⟨
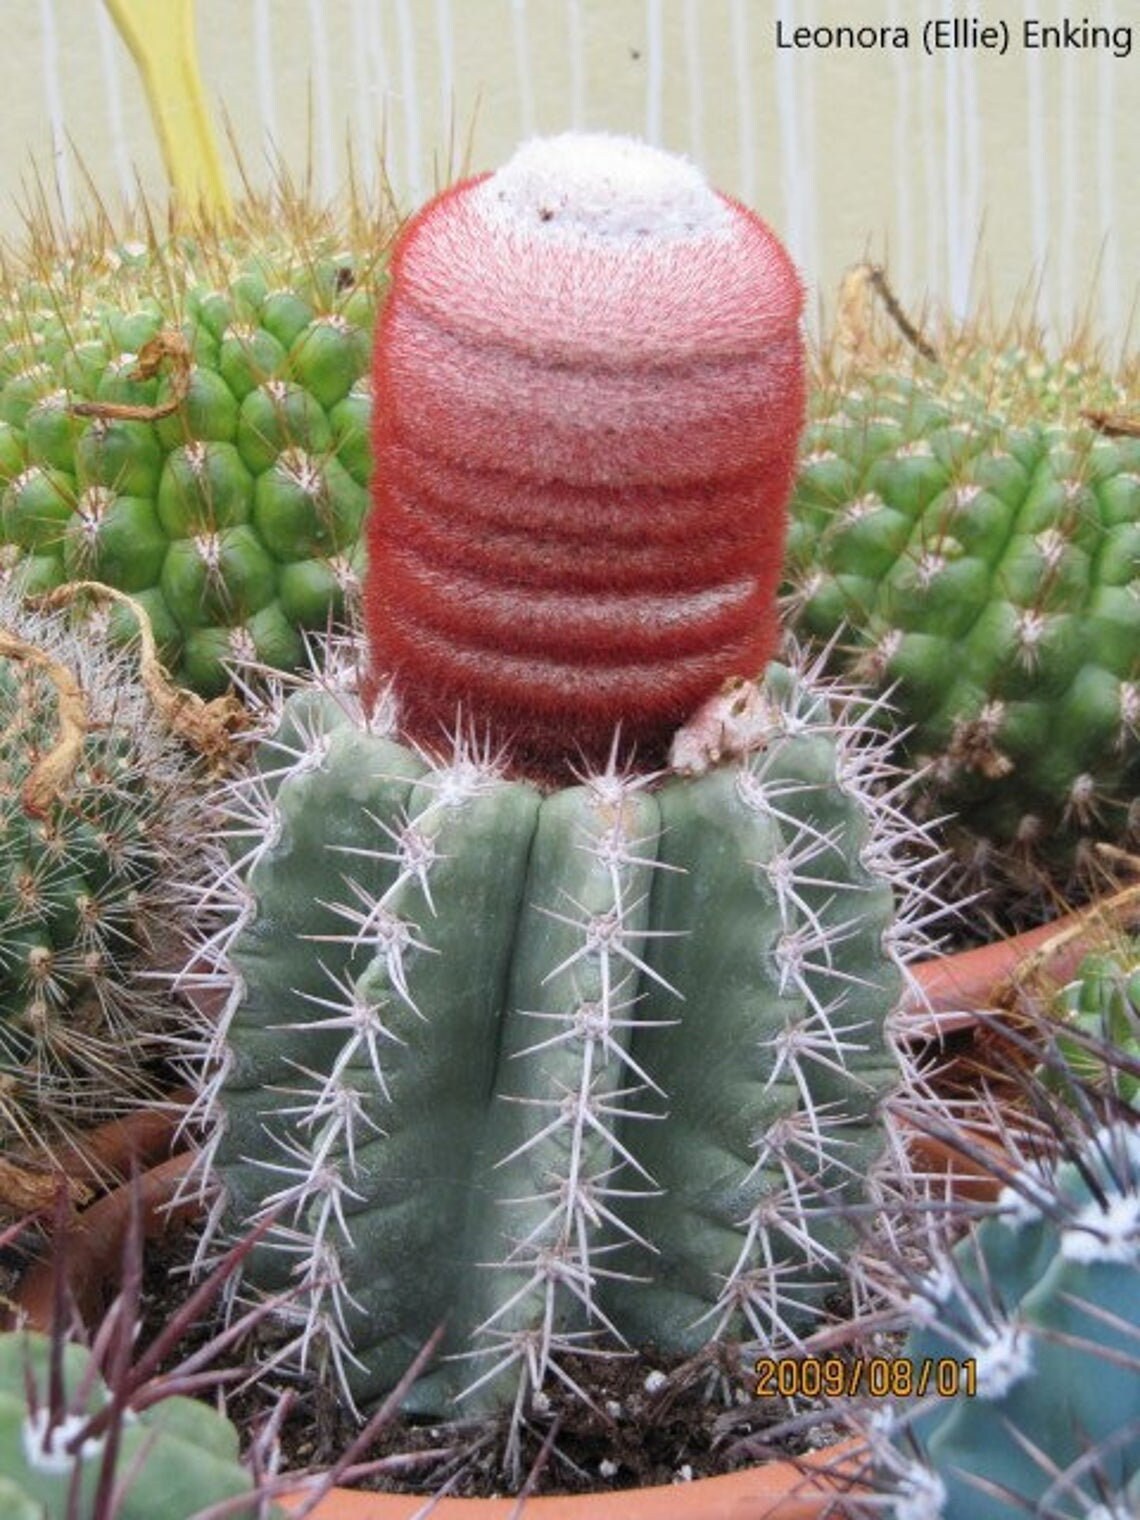 Melocactus MIX -10 Seeds - Melon Flower Cactus - Turk's Cap Fruit Cactus
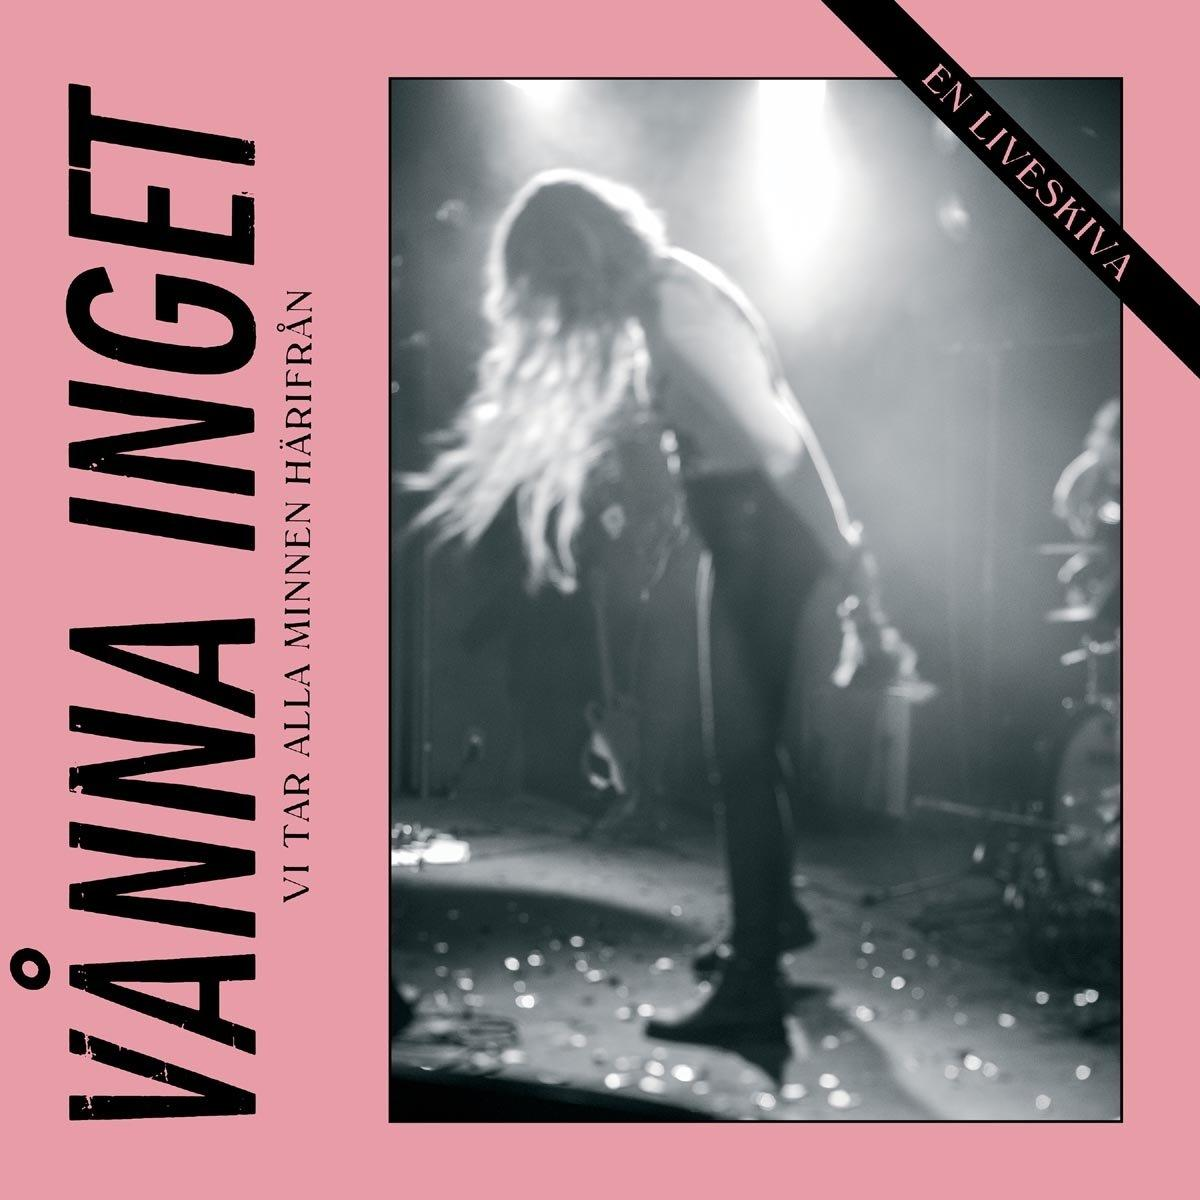 Vanna Inget - VI - (White (Live) Ar Alla Vinyl) Härifran (Vinyl) Minnen
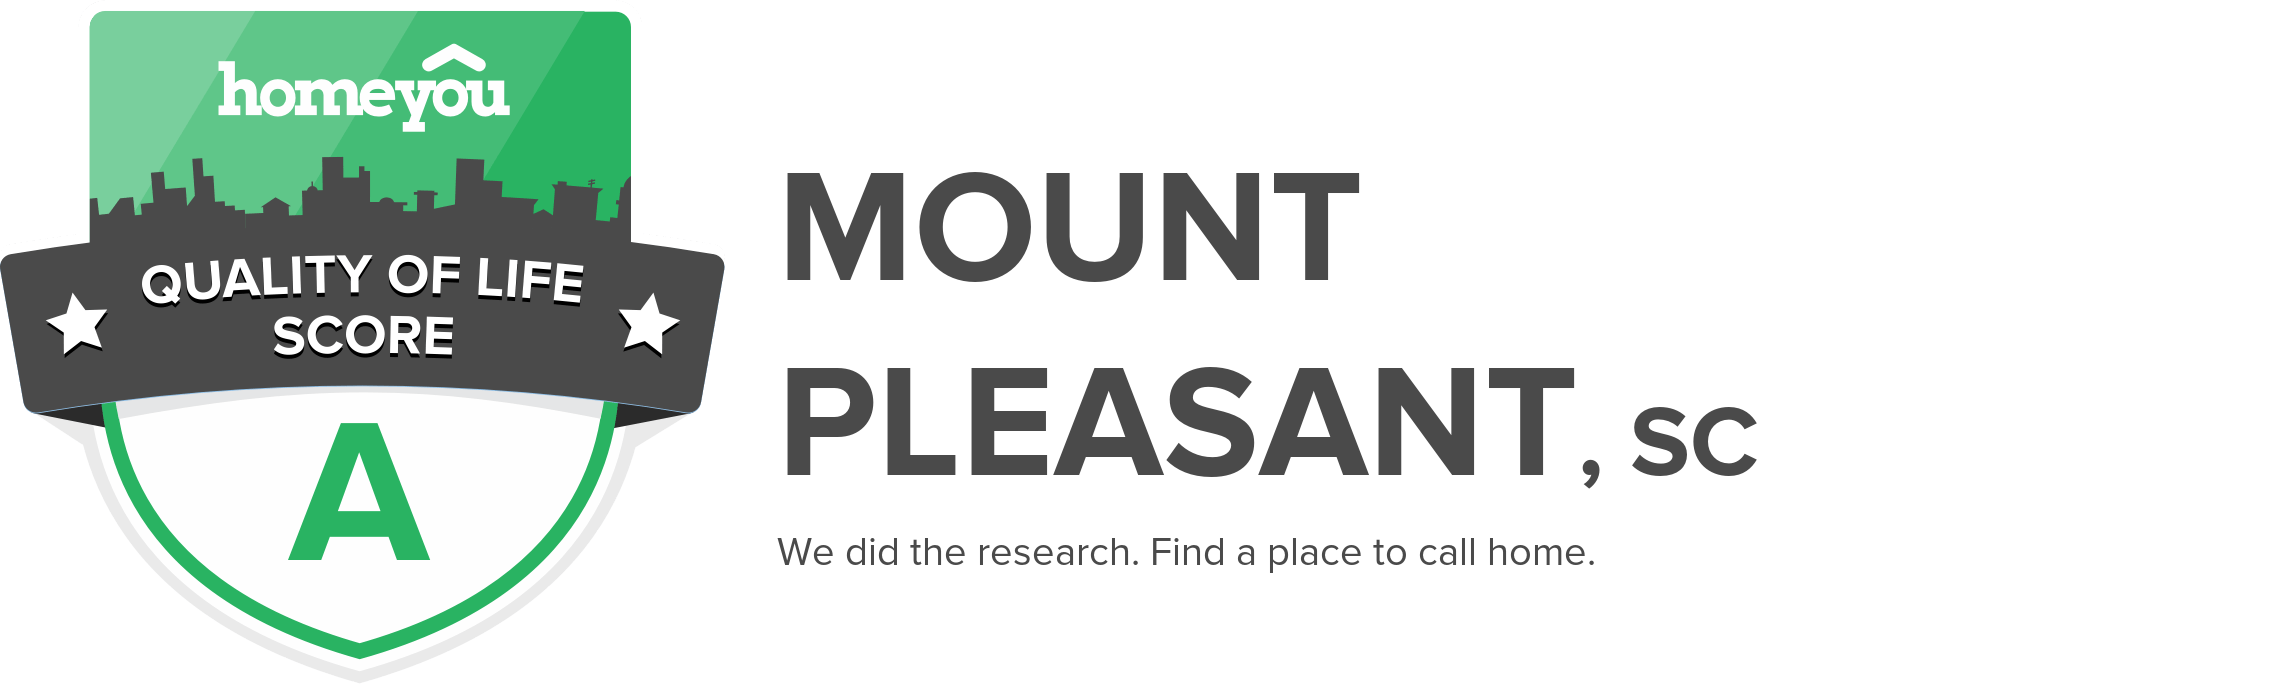 Mount Pleasant, SC
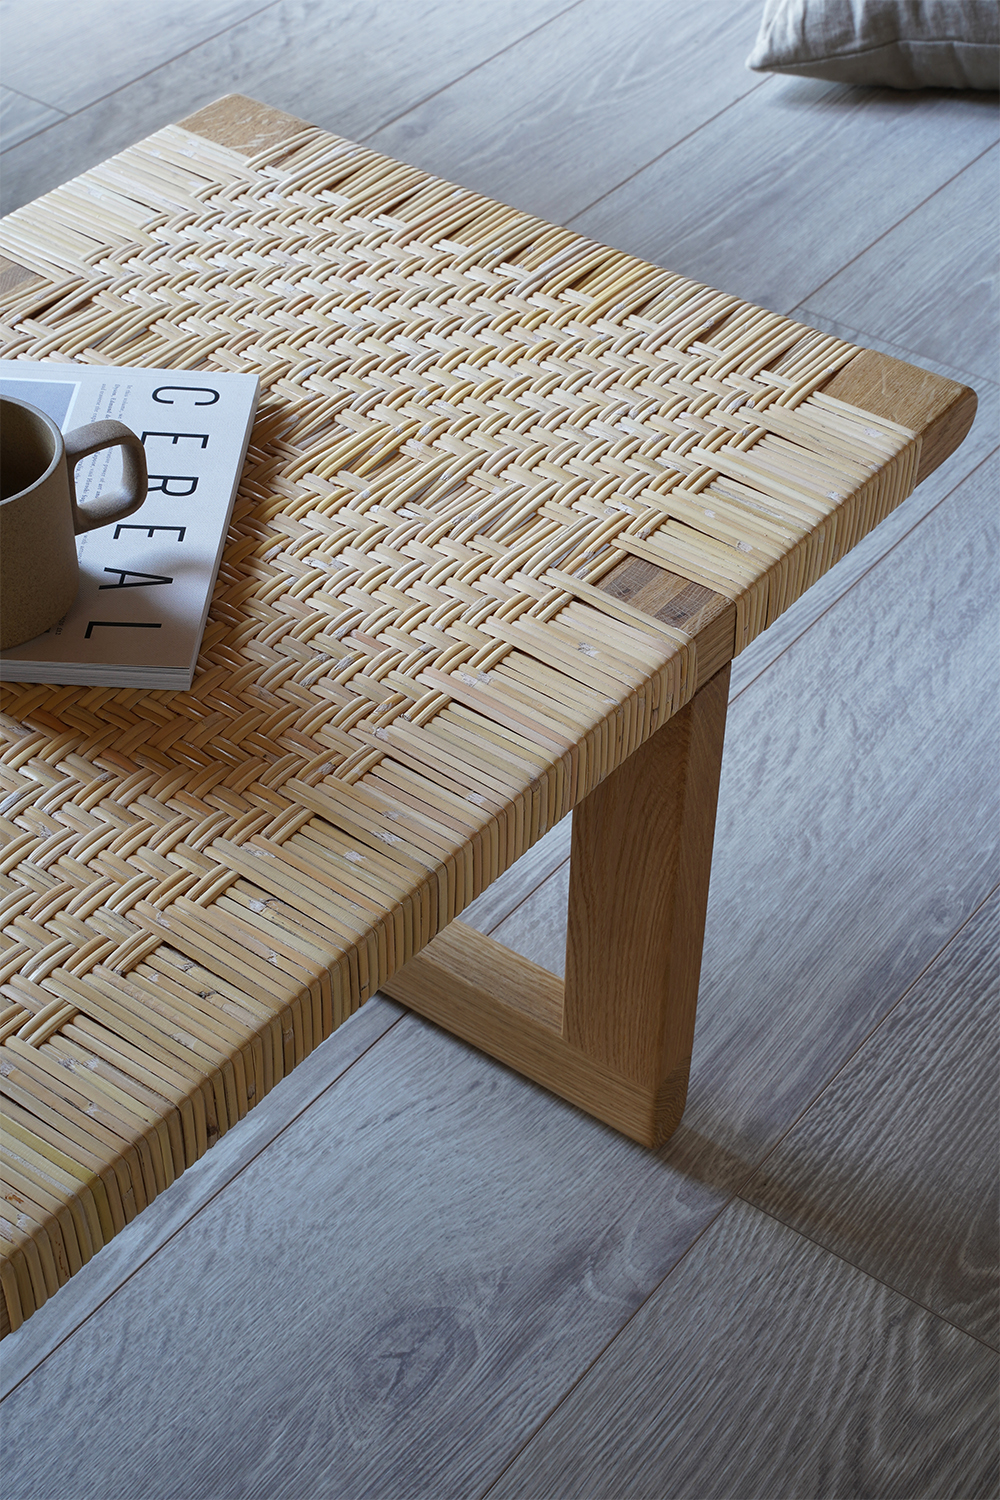 A new Danish Design Classic - The BM0488 Table Bench by Carl Hansen & Son
⟩
*Exercise objective:*
With the pictures omitted, print each line of the data above precisely as given.

*Task answer:*
 Melocactus MIX -10 Seeds - Melon Flower Cactus - Turk's Cap Fruit Cactus
 Vanna Inget - VI - (White (Live) Ar Alla Vinyl) Härifran (Vinyl) Minnen
 Mount Pleasant, SC
 A new Danish Design Classic - The BM0488 Table Bench by Carl Hansen & Son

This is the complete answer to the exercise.